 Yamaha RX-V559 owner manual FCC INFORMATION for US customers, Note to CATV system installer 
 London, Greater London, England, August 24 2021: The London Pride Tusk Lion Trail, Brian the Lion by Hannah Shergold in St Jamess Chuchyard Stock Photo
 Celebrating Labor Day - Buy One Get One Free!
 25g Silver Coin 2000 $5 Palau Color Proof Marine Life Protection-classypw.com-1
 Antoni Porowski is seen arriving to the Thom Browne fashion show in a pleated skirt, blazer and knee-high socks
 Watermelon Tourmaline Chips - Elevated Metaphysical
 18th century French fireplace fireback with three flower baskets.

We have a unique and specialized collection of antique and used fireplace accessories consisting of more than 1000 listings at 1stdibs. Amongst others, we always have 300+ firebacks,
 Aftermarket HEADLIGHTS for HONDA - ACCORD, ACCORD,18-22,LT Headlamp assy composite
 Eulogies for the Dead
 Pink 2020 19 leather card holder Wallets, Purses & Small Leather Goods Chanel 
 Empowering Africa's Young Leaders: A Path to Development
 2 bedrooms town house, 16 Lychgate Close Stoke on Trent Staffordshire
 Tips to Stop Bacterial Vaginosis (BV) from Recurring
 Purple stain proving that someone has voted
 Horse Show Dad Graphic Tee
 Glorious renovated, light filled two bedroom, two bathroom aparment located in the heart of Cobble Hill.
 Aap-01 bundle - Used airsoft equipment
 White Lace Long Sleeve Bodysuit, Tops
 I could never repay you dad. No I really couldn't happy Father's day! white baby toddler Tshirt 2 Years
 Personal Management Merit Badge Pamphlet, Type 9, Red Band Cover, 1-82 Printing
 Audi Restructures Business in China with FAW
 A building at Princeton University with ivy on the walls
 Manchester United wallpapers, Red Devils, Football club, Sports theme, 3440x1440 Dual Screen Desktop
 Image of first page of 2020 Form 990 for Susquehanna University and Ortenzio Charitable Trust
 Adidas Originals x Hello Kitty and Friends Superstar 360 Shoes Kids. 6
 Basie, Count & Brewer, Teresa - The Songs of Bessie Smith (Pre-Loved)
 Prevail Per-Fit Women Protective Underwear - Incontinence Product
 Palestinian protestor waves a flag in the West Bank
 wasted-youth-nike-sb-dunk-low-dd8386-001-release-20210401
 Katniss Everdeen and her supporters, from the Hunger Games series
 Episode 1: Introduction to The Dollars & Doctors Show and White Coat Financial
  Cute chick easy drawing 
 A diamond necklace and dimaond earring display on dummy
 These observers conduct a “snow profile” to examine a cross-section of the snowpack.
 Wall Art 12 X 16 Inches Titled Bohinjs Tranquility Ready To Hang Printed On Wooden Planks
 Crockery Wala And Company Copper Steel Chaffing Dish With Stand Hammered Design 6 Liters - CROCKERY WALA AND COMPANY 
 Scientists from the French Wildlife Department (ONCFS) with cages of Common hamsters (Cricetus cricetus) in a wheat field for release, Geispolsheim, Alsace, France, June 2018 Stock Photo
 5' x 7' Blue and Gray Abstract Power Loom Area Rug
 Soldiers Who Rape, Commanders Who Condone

***

What to do:
Using the data above, reproduce exactly the lines between those holding "Prevail Per-Fit Women" and "Wall Art 12", inclusive, and no others.

Problem solution:
 Prevail Per-Fit Women Protective Underwear - Incontinence Product
 Palestinian protestor waves a flag in the West Bank
 wasted-youth-nike-sb-dunk-low-dd8386-001-release-20210401
 Katniss Everdeen and her supporters, from the Hunger Games series
 Episode 1: Introduction to The Dollars & Doctors Show and White Coat Financial
  Cute chick easy drawing 
 A diamond necklace and dimaond earring display on dummy
 These observers conduct a “snow profile” to examine a cross-section of the snowpack.
 Wall Art 12 X 16 Inches Titled Bohinjs Tranquility Ready To Hang Printed On Wooden Planks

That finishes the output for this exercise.